There are two main types of data sources that data journalists should be aware of: primary and secondary.
You can think of primary data sources as those that originated the data. Primary sources are thus the ultimate source of any recorded observation. They are also typically the ones able to offer data as close to their original (or “raw”) form as possible — that is, prior to any aggregation or modification. Primary data may include all of the responses and variables from a survey of depression among college students, or the observations from water quality sensors strategically placed around a region.
You can think of secondary data sources as those that have been aggregated or otherwise modified by some third party (not the originators of the data). This may include, for example, a single dataset produced by a non-profit environmental group that combines information from multiple government datasets. It may also include a “cleaned” version of a dataset produced by someone else.
Data journalists will often begin by looking for the original (“raw”) data and obtain it from the primary source. That is because there are several advantages to this strategy.

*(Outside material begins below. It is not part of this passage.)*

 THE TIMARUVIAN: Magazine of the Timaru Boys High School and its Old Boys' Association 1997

By working with the original data, you can dig into all potential aspects of those data and not be restricted to what a third party believes is most interesting (e.g., their decision to aggregate data to the state level). Like journalists, the authors of studies, white papers, and reports can only discuss some aspects of the data due to time and space limitations, and they might not focus on the relationships that might be most interesting to the citizens in your community. Similarly, some agencies will chose to only post a portion of their data online in order to (a) reduce the size of the dataset that they have to host and (b) make those data more manageable for ‘regular’ citizens. However, they may be able to provide the complete dataset upon request.
Additionally, by using a primary data source, a third party’s analytical mistake does not have to affect you. Put another way, you can run your own calculations on the primary data and thus have greater confidence that everything is in order, from the quality of the data in the dataset to the way a mathematical operation was executed.

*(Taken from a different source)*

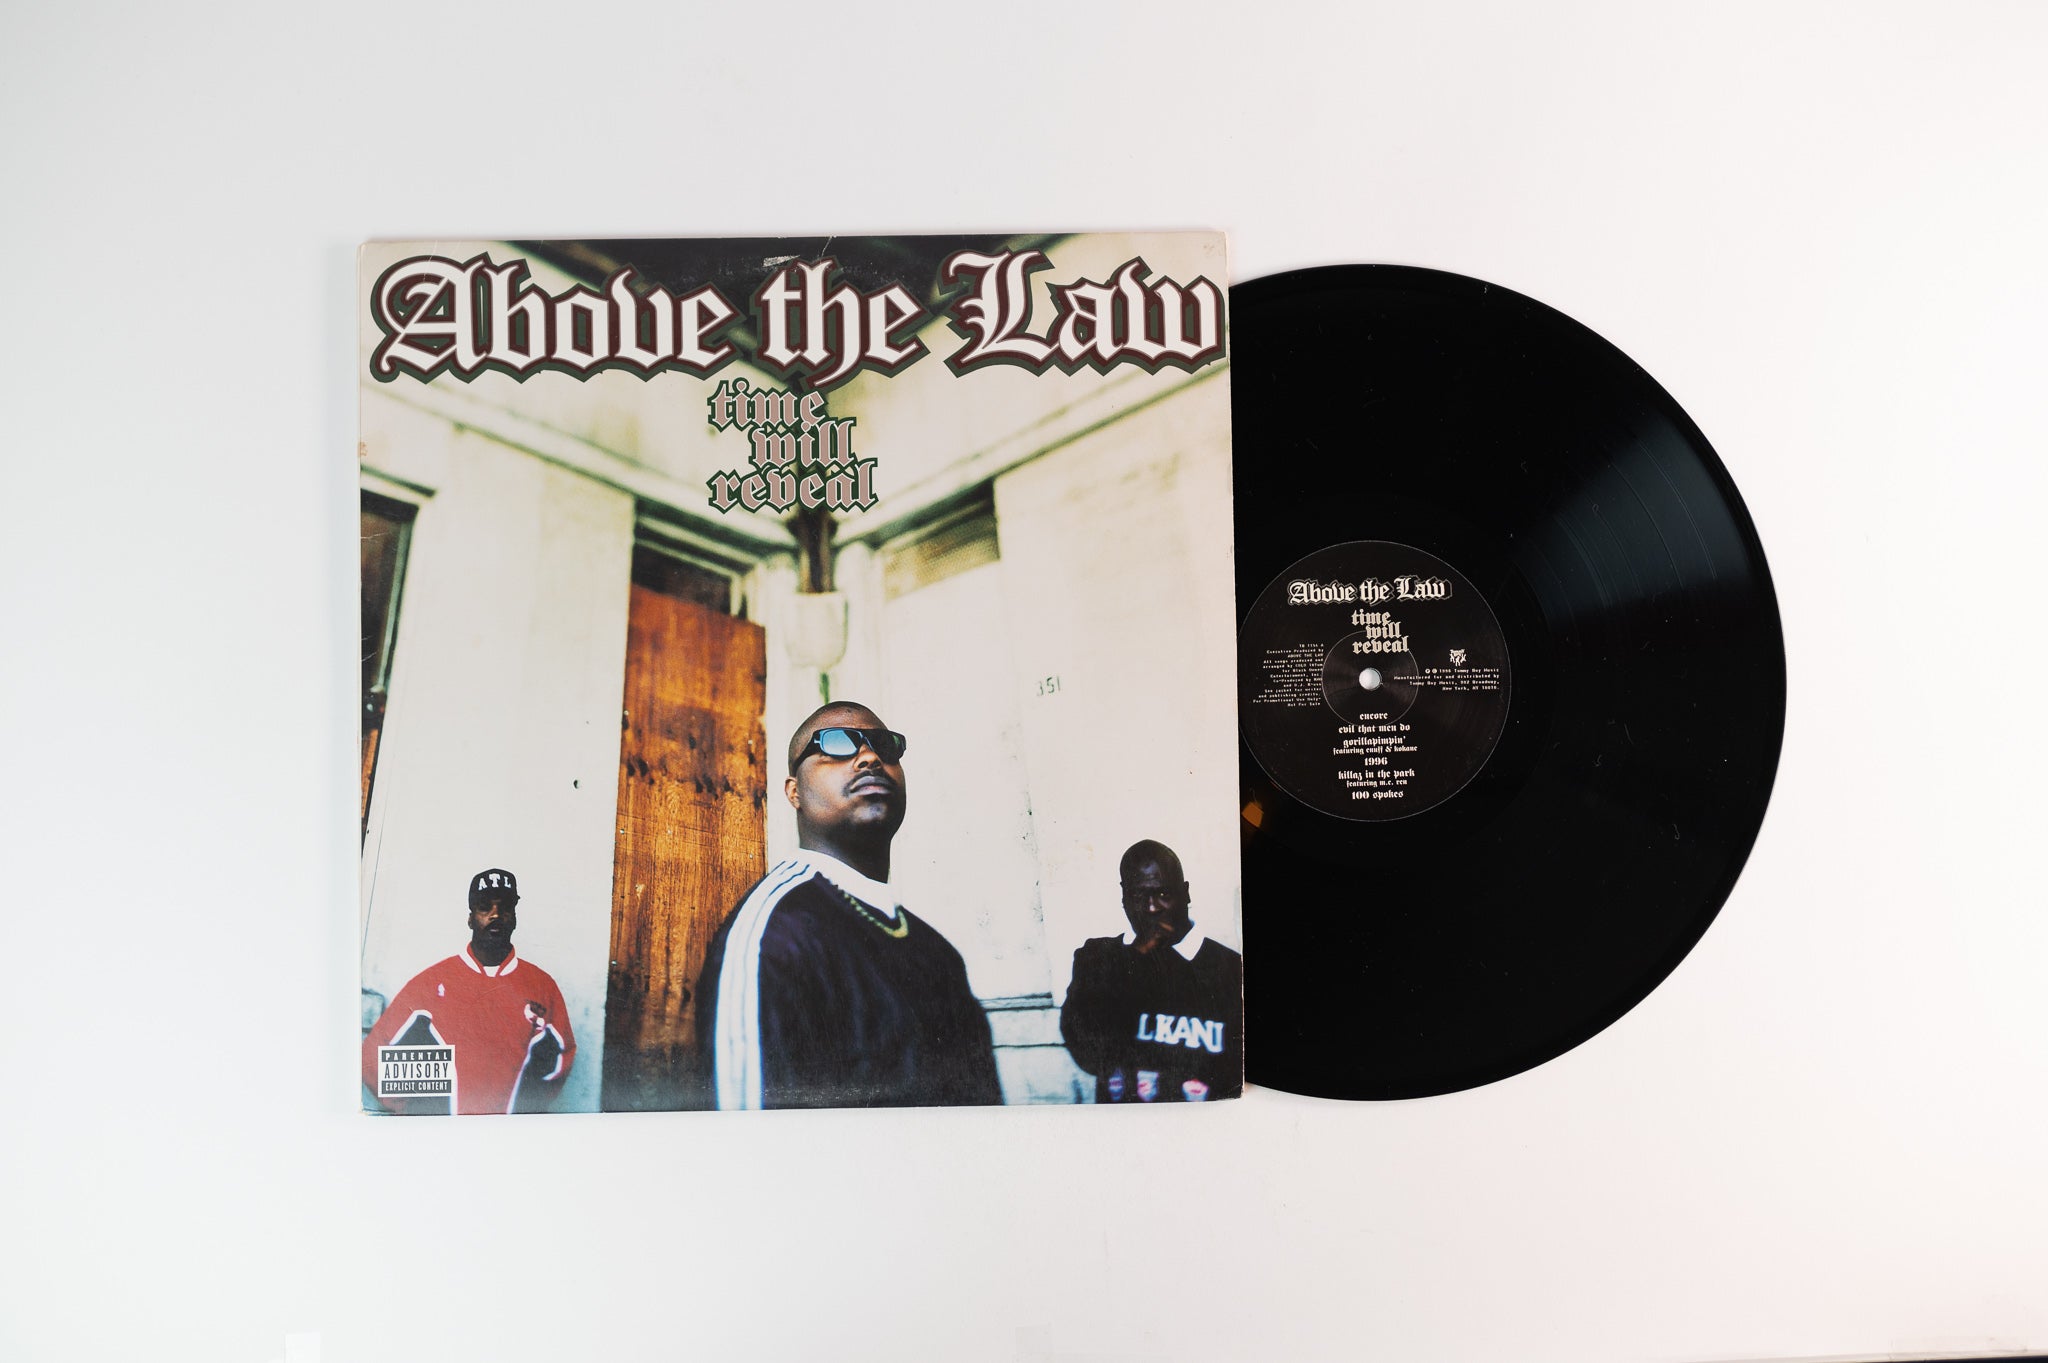 Above The Law - Time Will Reveal on Tommy Boy

There are also certain advantages to working with secondary data that can make them an alluring option for data journalists.
Doing your own data analysis might be really time-consuming, so a data journalist may want to let someone else do that heavy lifting. Additionally, the third party may be better at analyzing data or have certain subject expertise that a data journalist lacks. For example, a third party may be more capable at detecting and correcting issues in the original data and combining it with outside data to produce a more robust and accurate dataset. In those cases, it might be perfectly sensible to rely on secondary data sources to produce accurate and insightful journalism.
A data journalist simply must be certain they really trust the source of the secondary data and recognize that this option may limit the journalist’s ability to find stories in data and tell them through data. Put another way, there is a lot of useful information that can get lost through the filter of a third party.
Data journalists can also collect data themselves, or rely on a third party to collect the data on their behalf. Indeed, news organizations have won awards for their original data collection efforts, as with the Washington Post’s database on fatal shootings involving police.
Collecting one’s own data has several advantages. The main advantage is that the journalist can choose exactly which variables to get data for and who to get it from. Data journalists will often find that the data they are most interested in have not yet been collected by anyone else. Put another way, there is no data if the journalist does not collect it themselves. Additionally, data journalists can also get the most recent data possible if they do their own data collection. If they rely on existing data, journalists may have to work with information that is months if not years old.
Media organizations may also wish to collect their own data but delegate the task to a trusted third party that is experienced in collecting data. This is often the case with polling data, but it can also involve other tasks. Letting a third party take charge of data collection can yield better data since research consultants tend to have the skills and background necessary to increase the likelihood the data will be representative and robust.
Journalists will generally rely on information collected by some third party, like the U.S. Census Bureau, a sports league, an interest group, or a polling firm. That’s because journalists don’t usually have the time, money, or expertise to collect their own data. Indeed, such data are sometimes free and highly useful, as with much of the data collected by local, state, and federal governments. Put another way, different types of data sources can all be useful for producing data journalism — and much of the data journalism we see today is the result of observations collected by third parties.
Additionally, it is worth nothing that it is not the type of data source that differentiates data journalism from journalism with statistics. Instead, the differentiation comes from what the journalist does with the data. Data journalism involves an original analysis of a dataset — whether collected by the journalist, provided in a “raw” form by a first party, or even aggregated to some extent by a third party — while the latter involves picking out interesting elements from some third party’s data analysis (e.g., a striking quantitative finding from their report).